レビュー
概要
『クレヨンしんちゃん』1巻は、野原家のごく日常を舞台に、5歳のしんちゃんの暴走と大人たちのツッコミを交互に積み上げるショートギャグ集。ひろし・みさえ・ひまわり・ネネちゃん・ボーちゃんといった家族がほぼ毎話登場し、それぞれの視点で「お行儀の悪い」しんちゃんを受け止める様子が描かれている。1巻では幼稚園での混沌、映画館での騒動、しんちゃん流のお手伝い、パパとママの悩みなど、多彩な舞台が詰め込まれており、しんちゃんの「下ネタ」や「いやらしさ」がくすっと笑えるスパイスになっている。
読みどころ
- ひろしが仕事と家事の板挟みになりながら「家族のやり直し」を試みるエピソードや、みさえが夫に対して本音をぶつける場面では、しんちゃんのギャグが一瞬シリアスな空気に入り込み、笑いと共感が複層的になる。
- 幼稚園でのしんちゃんの行動や、なぞなぞをめぐるエピソードは遊びのリズムがよく、コマ割りがフレキシブルで台詞回しもライト。幼児の動きを大人目線で俯瞰したショートギャグとして、テンポよく場面展開が変わる。
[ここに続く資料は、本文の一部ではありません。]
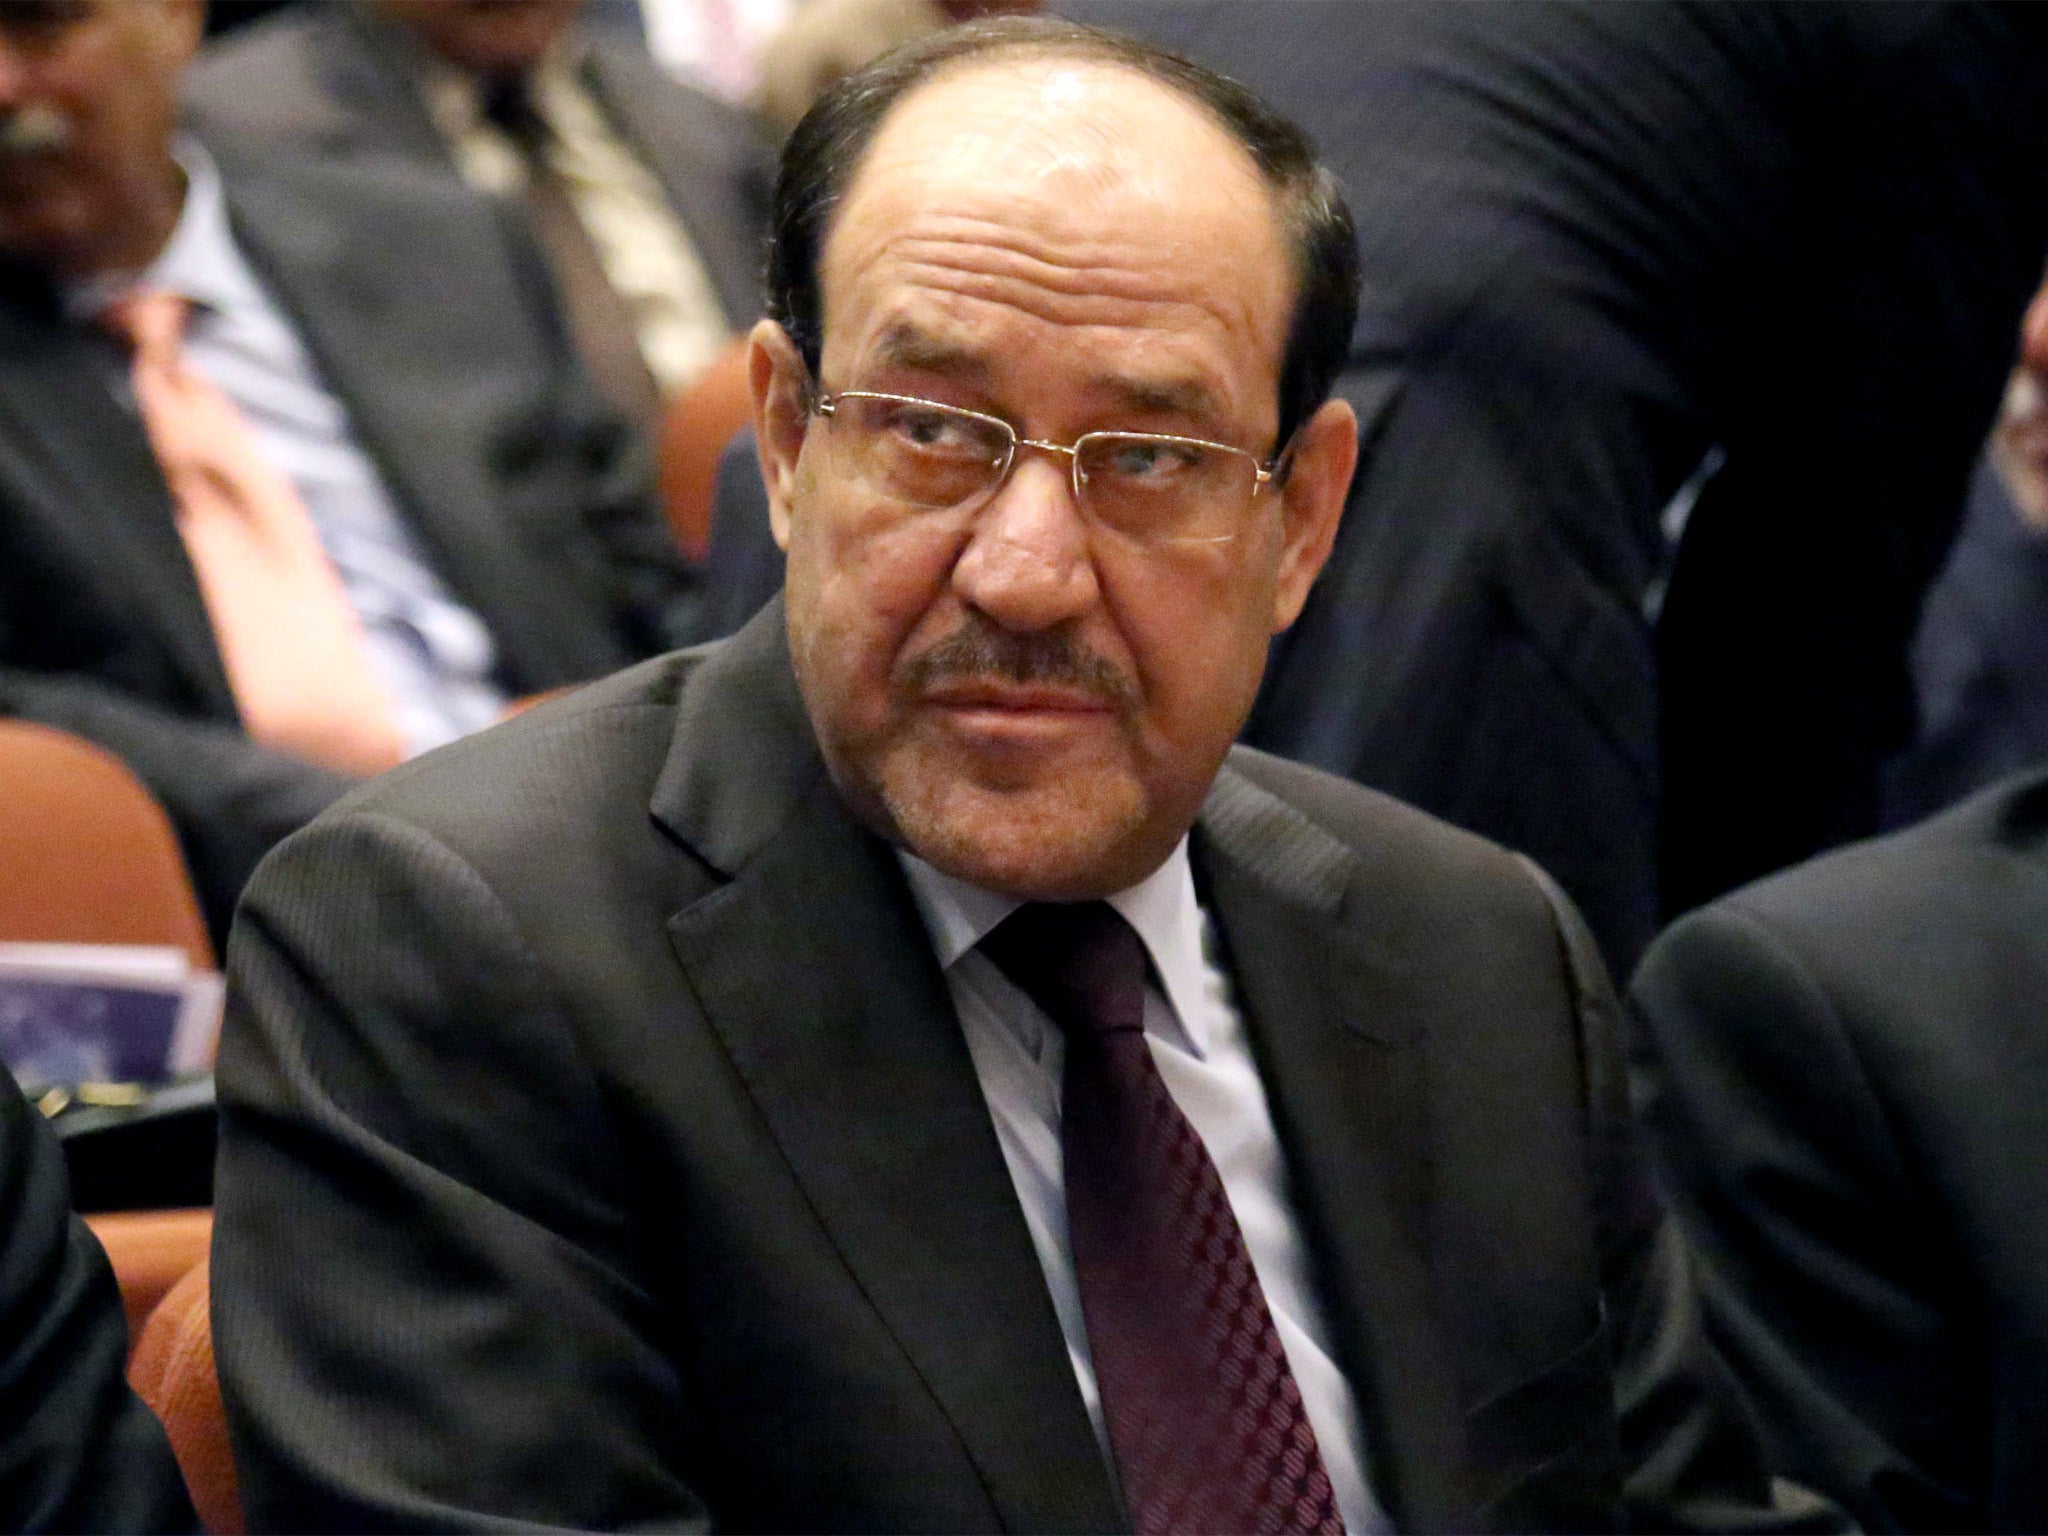 Iraqi Prime Minister, Nouri al-Maliki, accused the Kurdish zone of being a haven for Islamic extremists

- 第4話あたりでは、しんちゃんの「白い粉事件」的なドタバタと大人たちの神経の擦り減り、そこにやさしく寄り添う周囲の頼もしさが描かれる。この本を通して、騒がしい日常の中にある家族の信頼や不器用な温かさをじっくり感じられる。
類書との比較
『こちら葛飾区亀有公園前派出所』のような一話完結ギャグに通じる自由度と、同時期の『サザエさん』的な家族観を併せ持ち、『日常』ほどシュールでも『浦安鉄筋家族』ほどマニアックでもないバランスがこのシリーズの強みだ。しんちゃんの突飛な行動が家族のリアリティを強調し、笑いの輪郭を太くしている点では『あたしンち』にも似た温度感があるが、しんちゃんの突拍子もない発言が世界観を完全に壊してしまうギリギリのラインを狙う点で唯一無二の地味な危うさを持つ。
こんな人におすすめ
- 少年マンガ以上に家族の日常ギャグを素直に笑いたい読者。
- しんちゃんシリーズをこれから読みたいが、どこから始めていいかわからない人。
- 子ども目線の突飛な理屈と、大人の冷静なツッコミの落差に軽い痛快さを感じたい人。
感想
初期のしんちゃんは今よりさらに自由奔放で、「おねえちゃんとのお遊戯会」や「父親のストレス」という日常の些細な恐怖を、笑い飛ばしながら暴力的なパワーで突き抜ける。本作を読んでいると、幼児の脳内で何が起きているのかを覗き込んでいるようなスリルがあり、読後には家族の騒音と笑い声が脳内で繰り返される。 しんちゃんが言う「こんなの聞いたことない」や、ネネちゃんの真面目さとのコントラストが一話ごとに新鮮で、テンポ重視のコマ割りが読者の集中を切らせない。笑いを取るだけでなく、家族の結束やパパ・ママの歯車の噛み合わせをさりげなく描いているため、笑いとしんみりした余韻の両方を楽しみたい人にはぴったりの出発点になる。